#### What the task requires:
Everything from the line with "Guitarra Yamaha Revstar" to the end of the material is to be retyped exactly, both ends included, and nothing else.
-- Provided records follows --
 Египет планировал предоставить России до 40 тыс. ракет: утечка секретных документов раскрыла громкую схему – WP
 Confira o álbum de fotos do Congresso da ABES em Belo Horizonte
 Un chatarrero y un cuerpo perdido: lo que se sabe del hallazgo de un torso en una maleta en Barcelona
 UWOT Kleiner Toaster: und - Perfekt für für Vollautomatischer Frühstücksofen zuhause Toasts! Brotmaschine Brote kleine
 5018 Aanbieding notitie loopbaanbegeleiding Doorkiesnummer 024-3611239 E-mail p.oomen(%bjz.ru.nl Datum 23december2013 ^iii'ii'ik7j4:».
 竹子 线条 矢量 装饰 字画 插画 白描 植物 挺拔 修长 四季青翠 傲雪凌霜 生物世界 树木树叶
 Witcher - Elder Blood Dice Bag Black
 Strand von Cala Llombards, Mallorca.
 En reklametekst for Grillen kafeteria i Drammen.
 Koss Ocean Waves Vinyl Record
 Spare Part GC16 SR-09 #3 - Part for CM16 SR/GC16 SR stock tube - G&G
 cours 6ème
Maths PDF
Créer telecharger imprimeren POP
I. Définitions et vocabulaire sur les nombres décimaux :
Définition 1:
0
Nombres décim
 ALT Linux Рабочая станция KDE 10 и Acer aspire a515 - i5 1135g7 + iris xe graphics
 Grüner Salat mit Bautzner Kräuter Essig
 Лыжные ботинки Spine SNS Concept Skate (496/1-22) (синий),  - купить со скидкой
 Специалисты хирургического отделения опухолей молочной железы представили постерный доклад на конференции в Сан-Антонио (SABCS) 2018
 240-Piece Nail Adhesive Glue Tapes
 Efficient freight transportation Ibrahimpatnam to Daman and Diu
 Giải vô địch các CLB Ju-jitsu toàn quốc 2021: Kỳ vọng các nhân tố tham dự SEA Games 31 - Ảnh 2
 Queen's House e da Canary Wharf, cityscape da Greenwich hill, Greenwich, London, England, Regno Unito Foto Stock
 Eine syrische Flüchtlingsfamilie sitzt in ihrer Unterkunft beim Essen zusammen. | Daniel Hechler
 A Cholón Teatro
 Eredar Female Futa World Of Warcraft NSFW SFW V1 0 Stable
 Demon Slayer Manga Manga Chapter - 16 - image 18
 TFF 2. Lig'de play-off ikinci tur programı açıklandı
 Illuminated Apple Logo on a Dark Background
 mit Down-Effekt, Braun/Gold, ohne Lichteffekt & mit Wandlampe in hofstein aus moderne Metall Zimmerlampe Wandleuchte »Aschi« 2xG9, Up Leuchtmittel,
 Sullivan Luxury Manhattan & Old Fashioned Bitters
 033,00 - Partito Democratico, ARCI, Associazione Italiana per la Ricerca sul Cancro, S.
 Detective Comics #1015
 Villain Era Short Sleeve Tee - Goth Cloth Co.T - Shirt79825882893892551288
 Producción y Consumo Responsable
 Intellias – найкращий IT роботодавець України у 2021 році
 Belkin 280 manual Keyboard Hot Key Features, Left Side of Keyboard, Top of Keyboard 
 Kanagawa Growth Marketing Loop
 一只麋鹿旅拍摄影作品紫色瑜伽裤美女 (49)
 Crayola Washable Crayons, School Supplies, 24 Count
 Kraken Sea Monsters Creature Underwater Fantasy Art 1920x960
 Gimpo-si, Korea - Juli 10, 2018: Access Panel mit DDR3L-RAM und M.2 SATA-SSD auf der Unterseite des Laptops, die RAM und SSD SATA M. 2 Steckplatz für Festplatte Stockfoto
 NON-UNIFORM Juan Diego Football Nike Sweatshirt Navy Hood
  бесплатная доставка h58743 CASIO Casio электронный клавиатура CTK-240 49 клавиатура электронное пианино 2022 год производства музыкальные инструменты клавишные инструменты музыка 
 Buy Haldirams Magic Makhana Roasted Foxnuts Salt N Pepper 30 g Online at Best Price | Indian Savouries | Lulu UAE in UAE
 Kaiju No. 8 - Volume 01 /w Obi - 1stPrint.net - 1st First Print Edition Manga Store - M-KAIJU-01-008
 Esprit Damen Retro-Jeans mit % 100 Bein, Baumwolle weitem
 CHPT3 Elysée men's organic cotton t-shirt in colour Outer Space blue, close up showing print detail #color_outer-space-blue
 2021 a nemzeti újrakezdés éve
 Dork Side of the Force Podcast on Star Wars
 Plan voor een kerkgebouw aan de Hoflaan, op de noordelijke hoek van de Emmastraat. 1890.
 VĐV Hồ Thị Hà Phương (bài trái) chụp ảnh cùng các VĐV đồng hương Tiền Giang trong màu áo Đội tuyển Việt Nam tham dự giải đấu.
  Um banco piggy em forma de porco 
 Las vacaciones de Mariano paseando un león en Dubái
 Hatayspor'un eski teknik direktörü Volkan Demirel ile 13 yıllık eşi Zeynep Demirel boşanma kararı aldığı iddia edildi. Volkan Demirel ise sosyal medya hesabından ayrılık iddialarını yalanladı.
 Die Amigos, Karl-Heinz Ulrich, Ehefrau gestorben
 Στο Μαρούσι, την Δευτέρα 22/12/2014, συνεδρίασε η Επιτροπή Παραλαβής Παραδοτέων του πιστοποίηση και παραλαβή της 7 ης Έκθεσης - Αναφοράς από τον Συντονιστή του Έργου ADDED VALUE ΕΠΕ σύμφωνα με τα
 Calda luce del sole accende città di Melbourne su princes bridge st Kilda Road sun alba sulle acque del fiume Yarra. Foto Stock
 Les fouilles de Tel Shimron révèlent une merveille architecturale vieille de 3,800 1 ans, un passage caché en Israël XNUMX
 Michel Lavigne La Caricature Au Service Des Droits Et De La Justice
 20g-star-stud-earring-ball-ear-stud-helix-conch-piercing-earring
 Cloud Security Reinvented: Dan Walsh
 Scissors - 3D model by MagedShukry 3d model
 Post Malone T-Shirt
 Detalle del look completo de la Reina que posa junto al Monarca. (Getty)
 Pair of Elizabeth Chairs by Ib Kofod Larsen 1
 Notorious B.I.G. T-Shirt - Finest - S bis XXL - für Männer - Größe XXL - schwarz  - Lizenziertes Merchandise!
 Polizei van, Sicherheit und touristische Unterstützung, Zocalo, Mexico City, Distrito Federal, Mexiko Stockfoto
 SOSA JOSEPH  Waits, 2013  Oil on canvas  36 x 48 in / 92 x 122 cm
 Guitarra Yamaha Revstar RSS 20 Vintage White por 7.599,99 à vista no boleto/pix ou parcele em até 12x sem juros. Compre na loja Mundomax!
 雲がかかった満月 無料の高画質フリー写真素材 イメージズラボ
-- Provided records concluded --
#### Exercise response:
 Guitarra Yamaha Revstar RSS 20 Vintage White por 7.599,99 à vista no boleto/pix ou parcele em até 12x sem juros. Compre na loja Mundomax!
 雲がかかった満月 無料の高画質フリー写真素材 イメージズラボ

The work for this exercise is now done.